(Items from a data source)
■ ■ ■ ■ ■

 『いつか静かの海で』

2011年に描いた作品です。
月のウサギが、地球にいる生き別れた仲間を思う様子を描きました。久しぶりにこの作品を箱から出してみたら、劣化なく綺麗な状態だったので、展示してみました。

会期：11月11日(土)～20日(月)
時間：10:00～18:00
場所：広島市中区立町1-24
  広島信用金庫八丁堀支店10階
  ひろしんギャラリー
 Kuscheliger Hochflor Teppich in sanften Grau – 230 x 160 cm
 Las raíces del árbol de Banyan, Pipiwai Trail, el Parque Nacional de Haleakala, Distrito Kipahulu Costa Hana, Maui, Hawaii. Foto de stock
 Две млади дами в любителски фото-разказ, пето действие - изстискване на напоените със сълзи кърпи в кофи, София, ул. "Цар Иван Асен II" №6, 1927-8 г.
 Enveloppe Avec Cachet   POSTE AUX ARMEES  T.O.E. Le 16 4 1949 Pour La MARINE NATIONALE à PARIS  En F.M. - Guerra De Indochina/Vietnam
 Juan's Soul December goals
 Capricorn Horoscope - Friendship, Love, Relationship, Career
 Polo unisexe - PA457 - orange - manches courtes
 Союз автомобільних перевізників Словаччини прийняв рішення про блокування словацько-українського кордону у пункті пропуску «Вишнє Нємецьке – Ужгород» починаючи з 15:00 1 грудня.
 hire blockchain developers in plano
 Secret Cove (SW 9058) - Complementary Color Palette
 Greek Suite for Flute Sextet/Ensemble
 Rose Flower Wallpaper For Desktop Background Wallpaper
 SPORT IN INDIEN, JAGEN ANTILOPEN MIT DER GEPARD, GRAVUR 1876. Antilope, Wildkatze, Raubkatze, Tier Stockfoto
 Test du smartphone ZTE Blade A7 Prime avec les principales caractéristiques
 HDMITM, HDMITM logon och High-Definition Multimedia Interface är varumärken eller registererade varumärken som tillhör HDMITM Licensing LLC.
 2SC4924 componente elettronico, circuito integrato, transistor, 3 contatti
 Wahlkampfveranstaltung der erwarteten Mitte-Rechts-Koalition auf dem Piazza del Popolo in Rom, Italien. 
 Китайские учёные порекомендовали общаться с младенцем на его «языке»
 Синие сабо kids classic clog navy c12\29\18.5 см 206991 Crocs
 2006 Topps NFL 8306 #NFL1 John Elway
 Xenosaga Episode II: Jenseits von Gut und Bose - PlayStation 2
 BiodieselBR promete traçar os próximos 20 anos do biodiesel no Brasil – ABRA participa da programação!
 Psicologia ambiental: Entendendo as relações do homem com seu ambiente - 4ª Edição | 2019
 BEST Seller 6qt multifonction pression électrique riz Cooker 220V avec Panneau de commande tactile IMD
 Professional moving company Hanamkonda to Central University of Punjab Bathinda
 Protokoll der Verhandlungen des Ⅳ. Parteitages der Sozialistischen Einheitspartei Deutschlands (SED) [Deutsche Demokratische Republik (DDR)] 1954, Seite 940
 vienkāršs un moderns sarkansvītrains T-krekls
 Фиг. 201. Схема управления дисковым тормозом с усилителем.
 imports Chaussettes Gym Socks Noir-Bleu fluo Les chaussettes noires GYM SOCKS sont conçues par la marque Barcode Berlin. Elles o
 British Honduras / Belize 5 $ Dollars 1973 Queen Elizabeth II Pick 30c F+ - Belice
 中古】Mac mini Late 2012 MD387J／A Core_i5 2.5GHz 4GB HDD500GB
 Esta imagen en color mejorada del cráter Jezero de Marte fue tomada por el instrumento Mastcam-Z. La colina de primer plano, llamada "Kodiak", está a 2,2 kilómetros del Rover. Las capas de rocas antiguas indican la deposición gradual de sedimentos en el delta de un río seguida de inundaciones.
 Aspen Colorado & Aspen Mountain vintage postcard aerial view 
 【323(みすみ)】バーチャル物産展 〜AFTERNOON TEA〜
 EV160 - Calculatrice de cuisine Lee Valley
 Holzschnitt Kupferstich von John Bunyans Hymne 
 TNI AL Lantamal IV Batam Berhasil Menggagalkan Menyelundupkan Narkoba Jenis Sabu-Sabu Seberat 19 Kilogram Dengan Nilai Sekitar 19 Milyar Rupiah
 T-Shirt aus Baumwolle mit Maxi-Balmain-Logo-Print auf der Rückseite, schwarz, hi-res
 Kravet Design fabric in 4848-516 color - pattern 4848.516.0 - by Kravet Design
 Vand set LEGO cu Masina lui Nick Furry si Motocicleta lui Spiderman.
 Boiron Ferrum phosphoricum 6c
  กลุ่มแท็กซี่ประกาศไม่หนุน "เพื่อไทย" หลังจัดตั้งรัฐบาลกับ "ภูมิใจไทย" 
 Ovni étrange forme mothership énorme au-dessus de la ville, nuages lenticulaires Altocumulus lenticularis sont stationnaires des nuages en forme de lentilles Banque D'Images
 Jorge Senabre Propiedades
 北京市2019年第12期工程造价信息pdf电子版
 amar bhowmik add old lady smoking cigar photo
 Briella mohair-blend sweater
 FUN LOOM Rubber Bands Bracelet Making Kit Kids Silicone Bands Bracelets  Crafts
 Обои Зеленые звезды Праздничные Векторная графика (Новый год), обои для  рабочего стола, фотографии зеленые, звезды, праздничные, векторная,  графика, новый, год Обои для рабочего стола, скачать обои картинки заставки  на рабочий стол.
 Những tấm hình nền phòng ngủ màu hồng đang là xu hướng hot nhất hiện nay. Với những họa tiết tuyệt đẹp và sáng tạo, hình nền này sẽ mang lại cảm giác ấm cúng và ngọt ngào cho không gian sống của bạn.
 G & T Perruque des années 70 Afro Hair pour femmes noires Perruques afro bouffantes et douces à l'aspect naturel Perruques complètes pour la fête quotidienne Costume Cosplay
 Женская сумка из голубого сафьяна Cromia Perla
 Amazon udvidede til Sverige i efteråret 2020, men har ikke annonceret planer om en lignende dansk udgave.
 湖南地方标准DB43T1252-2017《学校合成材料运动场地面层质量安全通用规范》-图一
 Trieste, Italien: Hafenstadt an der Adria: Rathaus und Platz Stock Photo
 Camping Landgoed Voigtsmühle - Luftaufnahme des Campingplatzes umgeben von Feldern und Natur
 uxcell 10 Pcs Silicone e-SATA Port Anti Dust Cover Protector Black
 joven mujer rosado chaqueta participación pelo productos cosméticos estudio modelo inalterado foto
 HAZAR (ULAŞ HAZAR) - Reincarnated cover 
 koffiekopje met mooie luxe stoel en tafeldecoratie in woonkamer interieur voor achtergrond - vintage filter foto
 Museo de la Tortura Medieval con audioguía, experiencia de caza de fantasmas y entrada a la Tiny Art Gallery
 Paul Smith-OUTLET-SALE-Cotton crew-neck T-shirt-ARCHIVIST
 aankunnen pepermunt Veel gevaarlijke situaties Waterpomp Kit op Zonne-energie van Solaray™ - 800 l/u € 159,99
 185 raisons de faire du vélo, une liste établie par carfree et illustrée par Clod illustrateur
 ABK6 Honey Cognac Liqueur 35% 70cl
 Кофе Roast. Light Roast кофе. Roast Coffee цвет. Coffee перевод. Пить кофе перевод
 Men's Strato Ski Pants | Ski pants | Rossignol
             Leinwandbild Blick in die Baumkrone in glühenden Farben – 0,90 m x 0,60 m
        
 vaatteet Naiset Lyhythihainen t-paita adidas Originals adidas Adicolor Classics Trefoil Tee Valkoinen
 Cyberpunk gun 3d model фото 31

■ ■ ■ ■ ■

Find "Jorge Senabre Propiedades" in the entries above and copy that whole line exactly, then each line after it through the line that contains "joven mujer rosado".

• [Answer]
 Jorge Senabre Propiedades
 北京市2019年第12期工程造价信息pdf电子版
 amar bhowmik add old lady smoking cigar photo
 Briella mohair-blend sweater
 FUN LOOM Rubber Bands Bracelet Making Kit Kids Silicone Bands Bracelets  Crafts
 Обои Зеленые звезды Праздничные Векторная графика (Новый год), обои для  рабочего стола, фотографии зеленые, звезды, праздничные, векторная,  графика, новый, год Обои для рабочего стола, скачать обои картинки заставки  на рабочий стол.
 Những tấm hình nền phòng ngủ màu hồng đang là xu hướng hot nhất hiện nay. Với những họa tiết tuyệt đẹp và sáng tạo, hình nền này sẽ mang lại cảm giác ấm cúng và ngọt ngào cho không gian sống của bạn.
 G & T Perruque des années 70 Afro Hair pour femmes noires Perruques afro bouffantes et douces à l'aspect naturel Perruques complètes pour la fête quotidienne Costume Cosplay
 Женская сумка из голубого сафьяна Cromia Perla
 Amazon udvidede til Sverige i efteråret 2020, men har ikke annonceret planer om en lignende dansk udgave.
 湖南地方标准DB43T1252-2017《学校合成材料运动场地面层质量安全通用规范》-图一
 Trieste, Italien: Hafenstadt an der Adria: Rathaus und Platz Stock Photo
 Camping Landgoed Voigtsmühle - Luftaufnahme des Campingplatzes umgeben von Feldern und Natur
 uxcell 10 Pcs Silicone e-SATA Port Anti Dust Cover Protector Black
 joven mujer rosado chaqueta participación pelo productos cosméticos estudio modelo inalterado foto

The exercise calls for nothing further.